Professor Michelle Coote is an ARC Laureate Fellow who has made sustained contributions to chemistry at the highest level, and is also recognised for her contributions to the profession and to advancing equity and diversity in STEM.

Her research, which spans both computational and experimental chemistry, can be summarised in two broad areas: polymer chemistry and synthetic method development.

She is a fellow of the Australian Academy of Science, has received numerous national and international numerous awards including every major research award of the Royal Australian Chemical Institute, and has published 270 research publications (1/3 in the last 5 years) that have attracted over 8500 citations at an h-index of 52.

She is best known for her contributions to the polymer field; materials which now dominate every aspect of our lives.

Her more recent research has focussed on changing the way in which chemical reactions are triggered. They are usually driven by heat in conjunction with expensive (and often toxic) catalysts to lower the energy requirements.

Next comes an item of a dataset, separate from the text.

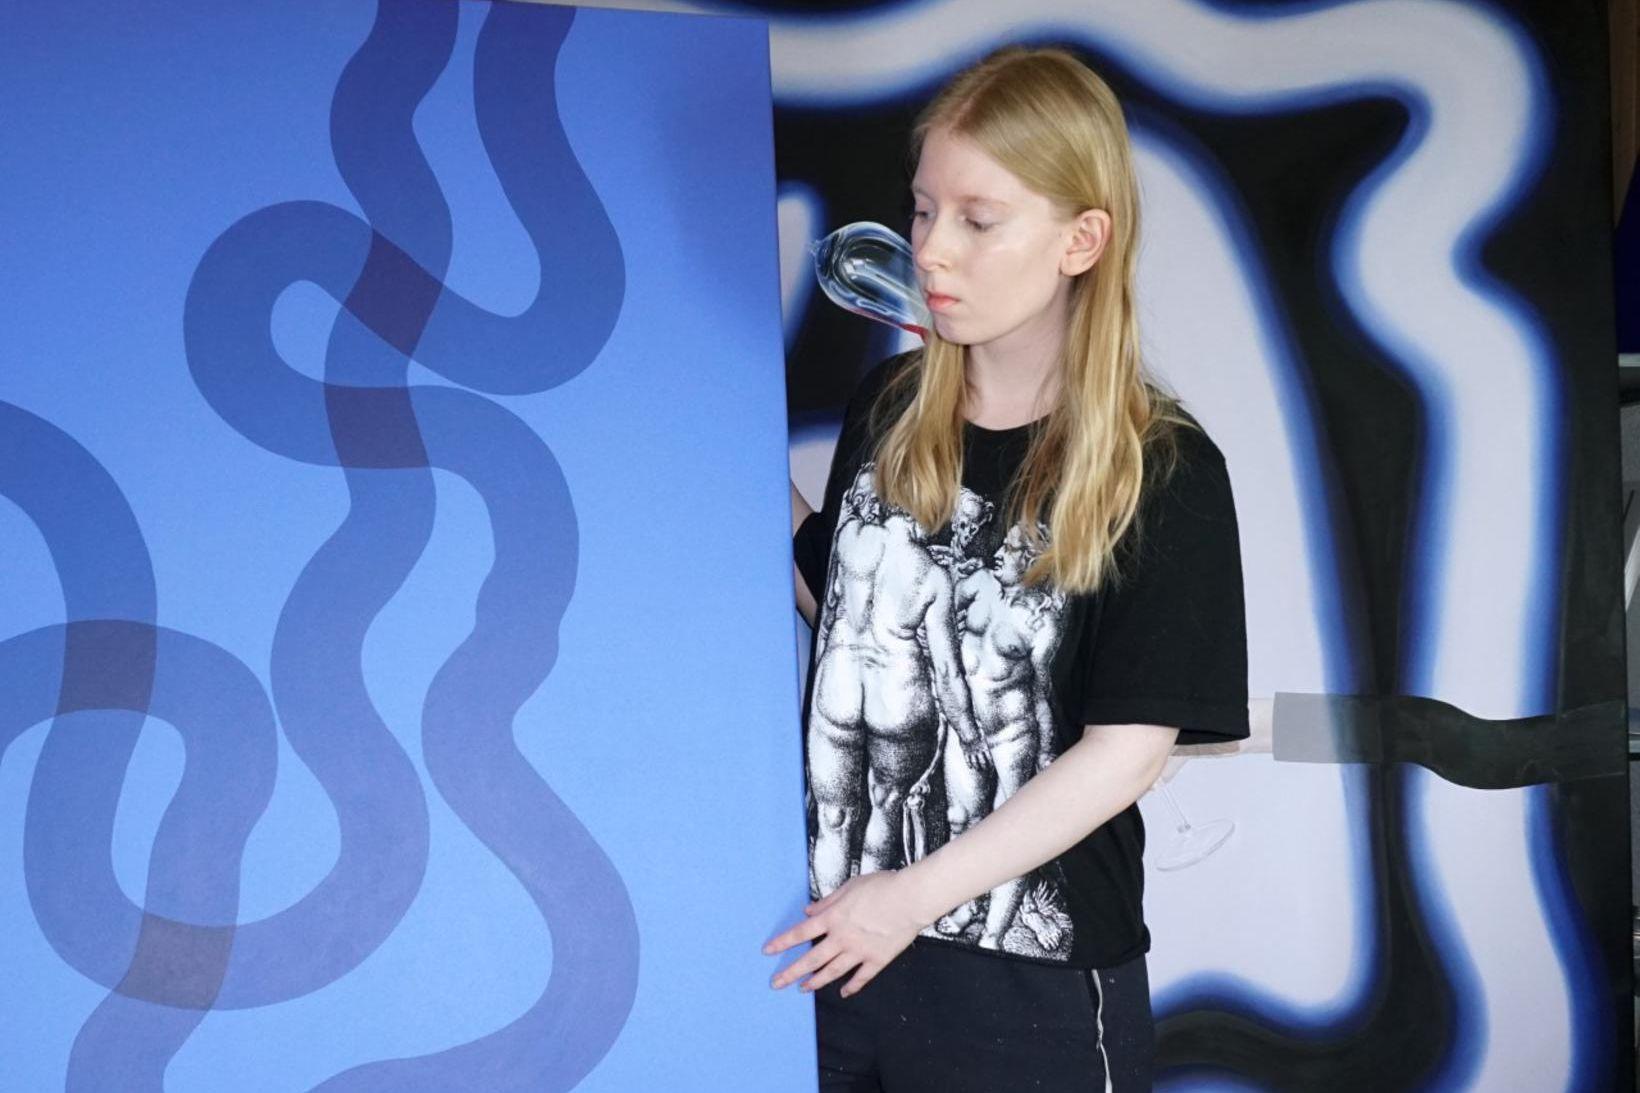 Helena Margrét myndlistarkona hefur fengið alþjóðlega athygli á árinu.
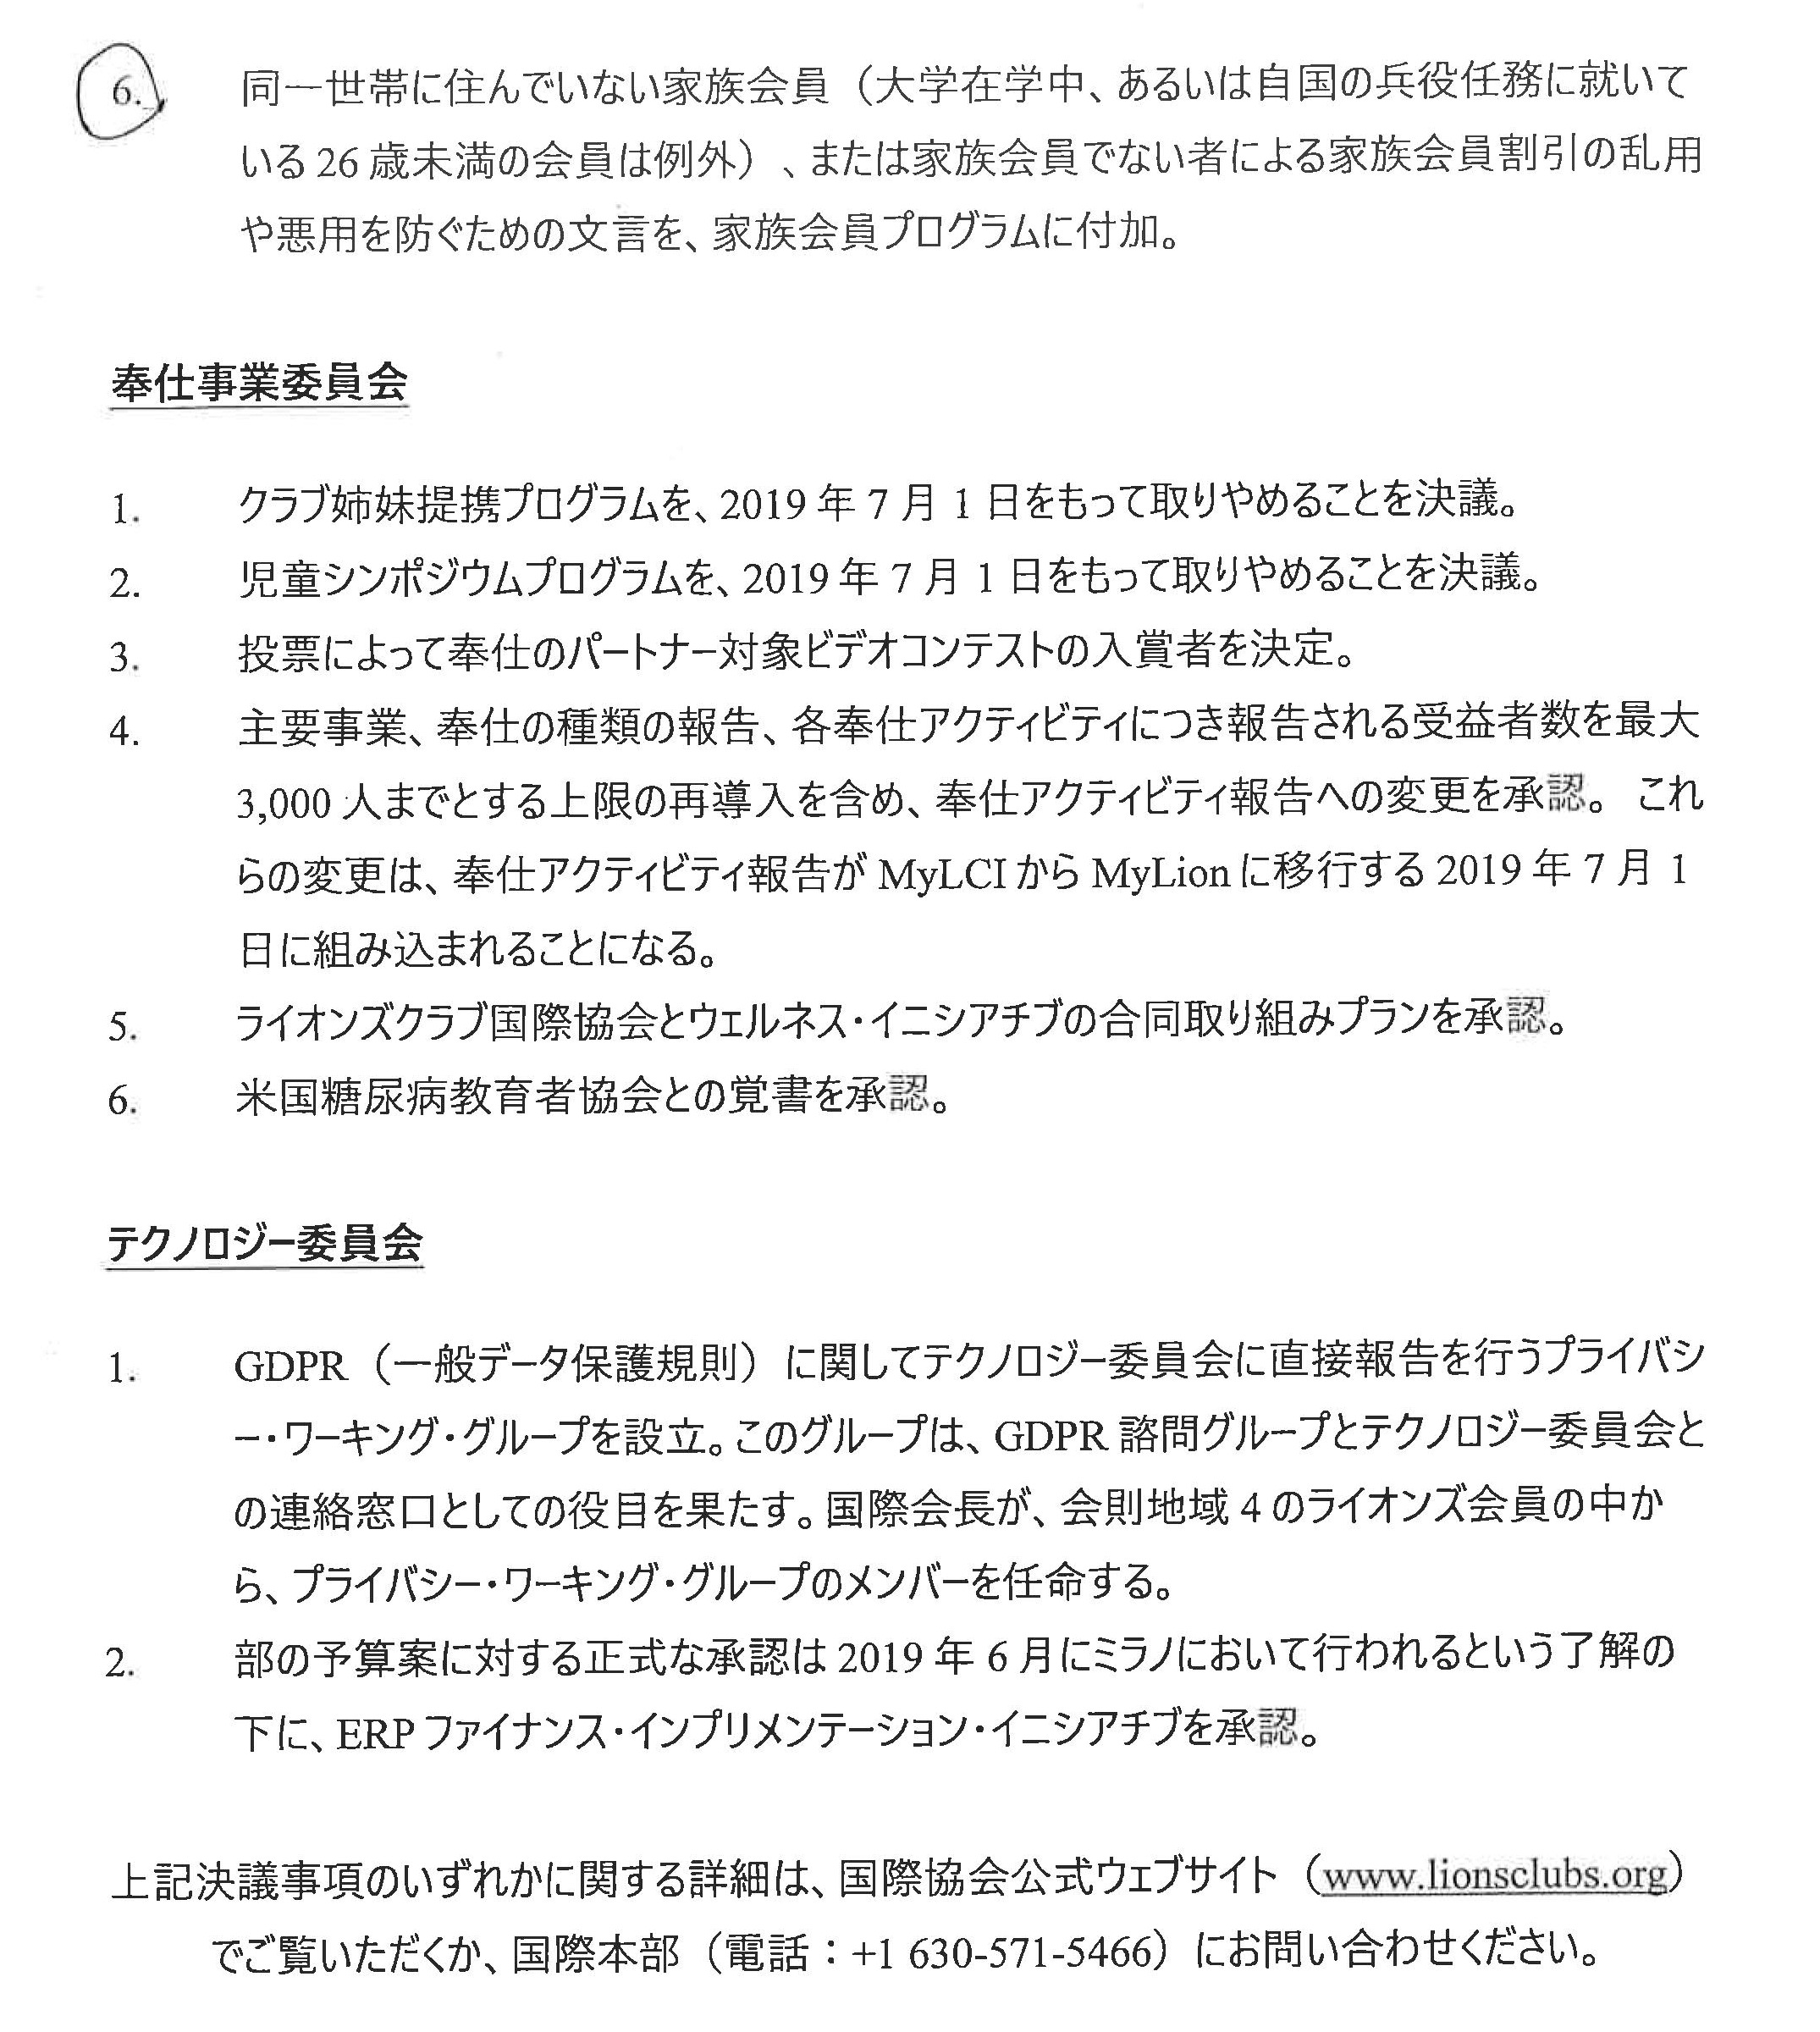 09準備ゾーン会議 決議事項要約 国際理事会議1

Michelle's recent work has focussed on harnessing alternative drivers of chemical reactions (electricity, light and mechanical force). For instance, she has recently shown that charged groups can be used to selectively manipulate photochemical processes, developed a new safe methylation technique based on electrochemistry, and provided the first demonstration that electric fields can catalyse chemical reactions. In the latter case, her 2016 Nature paper is already cited more than 160 times and has sparked a new field of research.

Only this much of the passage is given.